## Problem to solve:
After finding the line with "1/2/3/4 Seater Christmas" in the data below, set down exactly each line through the one with "CASIO Enticer Women", inclusive, and stop there.

## Entries supplied:
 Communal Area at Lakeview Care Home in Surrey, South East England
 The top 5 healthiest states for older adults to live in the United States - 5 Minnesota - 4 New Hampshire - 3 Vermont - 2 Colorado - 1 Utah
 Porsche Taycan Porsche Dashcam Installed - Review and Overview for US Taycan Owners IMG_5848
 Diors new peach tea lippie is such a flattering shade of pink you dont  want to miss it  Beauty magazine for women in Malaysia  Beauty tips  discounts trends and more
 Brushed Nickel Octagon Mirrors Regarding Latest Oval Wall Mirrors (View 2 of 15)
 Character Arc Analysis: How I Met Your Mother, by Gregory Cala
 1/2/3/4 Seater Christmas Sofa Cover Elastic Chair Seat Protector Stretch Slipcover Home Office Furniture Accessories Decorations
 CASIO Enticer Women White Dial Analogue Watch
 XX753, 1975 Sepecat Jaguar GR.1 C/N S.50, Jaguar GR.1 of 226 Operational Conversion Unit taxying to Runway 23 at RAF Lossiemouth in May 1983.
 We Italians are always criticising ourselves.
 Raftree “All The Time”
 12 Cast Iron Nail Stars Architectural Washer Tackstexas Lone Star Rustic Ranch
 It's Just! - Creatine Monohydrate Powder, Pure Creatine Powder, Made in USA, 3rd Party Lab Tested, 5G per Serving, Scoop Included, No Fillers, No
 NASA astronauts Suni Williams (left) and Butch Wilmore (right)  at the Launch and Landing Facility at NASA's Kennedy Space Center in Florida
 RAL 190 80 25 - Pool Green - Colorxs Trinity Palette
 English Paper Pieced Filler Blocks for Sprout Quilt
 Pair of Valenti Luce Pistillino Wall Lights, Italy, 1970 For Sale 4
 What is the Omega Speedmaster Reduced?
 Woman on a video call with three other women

## Expected output:
 1/2/3/4 Seater Christmas Sofa Cover Elastic Chair Seat Protector Stretch Slipcover Home Office Furniture Accessories Decorations
 CASIO Enticer Women White Dial Analogue Watch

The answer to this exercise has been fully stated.